This is an Open Access article distributed under the terms of the Creative Commons Attribution Non-Commercial License ( which permits unrestricted non-commercial use, distribution, and reproduction in any medium, provided the original work is properly cited.
PURPOSE: The present study evaluated the occurrence, somatometric, biochemical, and behavioral characteristics of young Korean sarcopenic males aged between 30 to 39 years.
METHODS: The study involved a total of 1,546 participants. These individuals were divided into two distinct groups based on their skeletal muscle mass index. Of these, 49 participants were categorized into the sarcopenia group, while the remaining 1,497 individuals were placed in the normal group. The researchers analyzed the occurrence of sarcopenia, somatometric, biochemical, and behavioral characteristics such as height, weight, body mass index (BMI), waist circumference (WC), skeletal muscle mass index, fasting glucose (FG), triglyceride and total cholesterol (TC) levels, systolic (SBP) and diastolic blood pressure (DBP), and the drinking and smoking status. A complex sampling data analysis was performed.
RESULTS: The weighted occurrence of sarcopenia was found to be 3.24%, (95% confidence interval (CI) of 2.39% to 4.36%). The somatometric contributing factors were height, BMI, and WC (p < .05). Triglyceride and TC levels exhibited statistically significant differences in the biochemical variables (p < .05). The behavioral characteristics, including the drinking and smoking status, had no statistical significance (p > .05).
CONCLUSION: This study identified specific occurrences of sarcopenia and contributing factors in young Korean men.
Keywords : Contributing factors, Occurrence, Sarcopenia, Younger adult
Ⅰ. Introduction

Global advances in applied science and healthcare technology, along with improvements in socioeconomic conditions, have led to a notable increase in the human lifespan. According to estimates from 2019, the worldwide population of individuals aged 65 years and older was approximately 703 million, and this number is projected to reach 1.5 billion by 2050 [1]. Life expectancy has risen in all countries, resulting in a significant increase in the proportion of the elderly in the population [2]. Consequently, healthcare services are facing a strain due to the growing burden of caring for the elderly. To address age-related chronic illnesses and alleviate the pressure on healthcare systems, it is imperative to gain a better understanding of these conditions and develop innovative approaches to address aging-related diseases.
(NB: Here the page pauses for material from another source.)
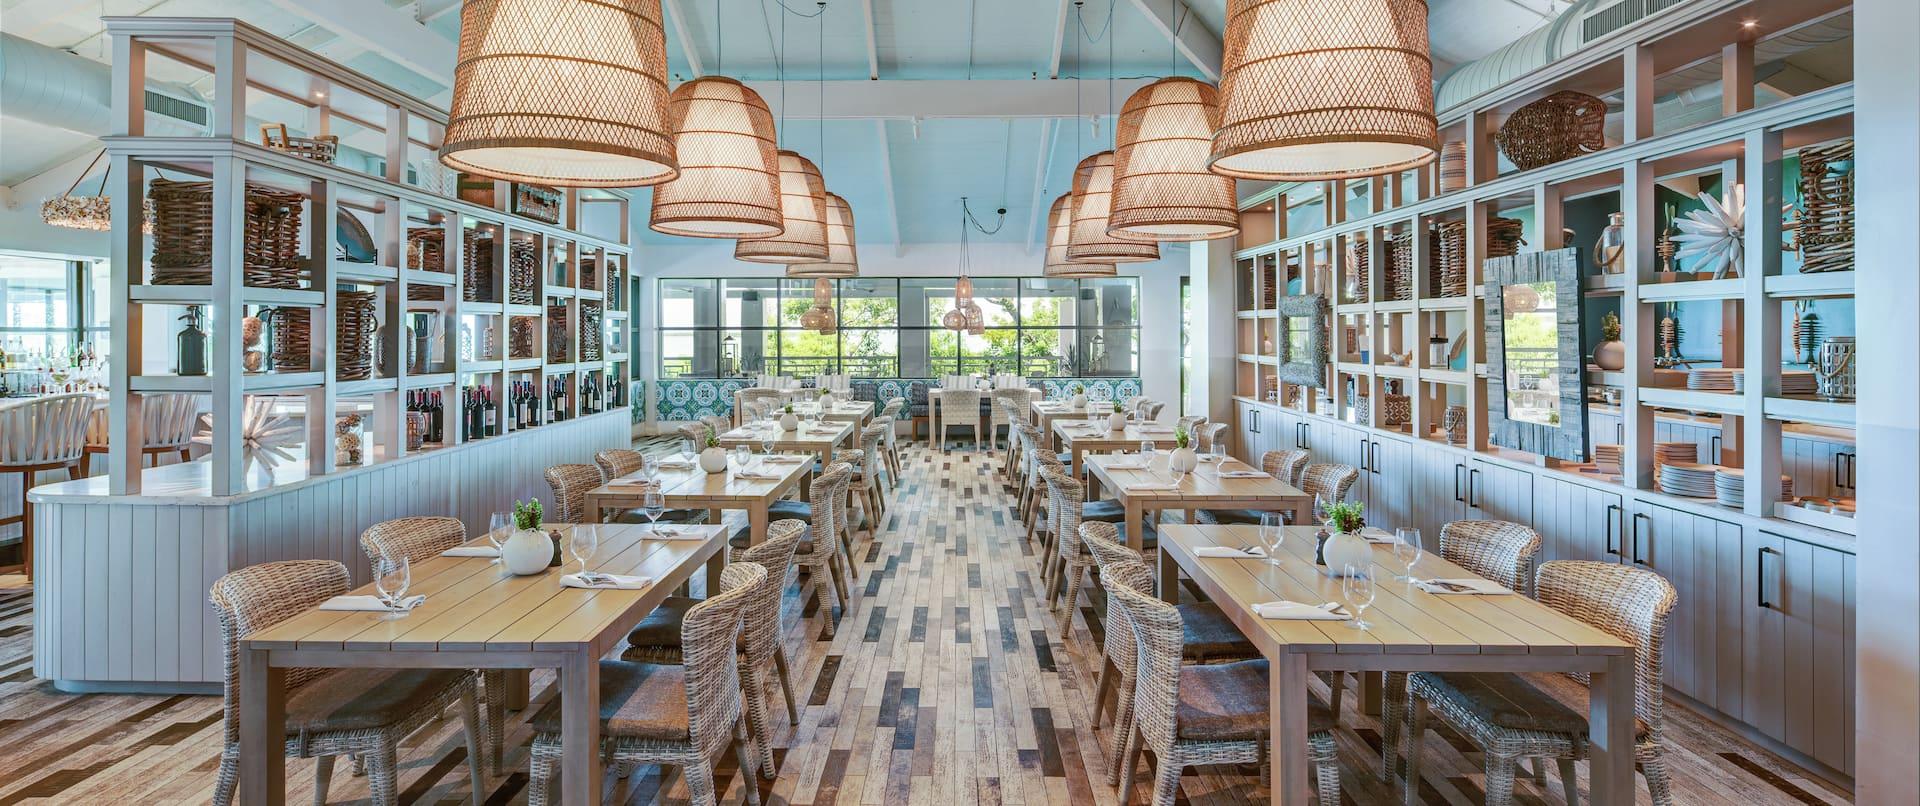 Calusa Restaurant

Sarcopenia is a condition characterized by the gradual and widespread decline in muscle mass and function as people age [3]. It is closely associated with frailty, a state in which elderly individuals become more susceptible to stressors that can lead to adverse health outcomes, and increase the chances of disability and mortality [4]. Understanding and addressing sarcopenia is crucial in improving the health and well-being of aging individuals, as these conditions can put a significant strain on healthcare systems and affect the quality of life of older adults. Developing interventions to prevent or manage sarcopenia and frailty can help alleviate the burden on healthcare services and promote healthy aging.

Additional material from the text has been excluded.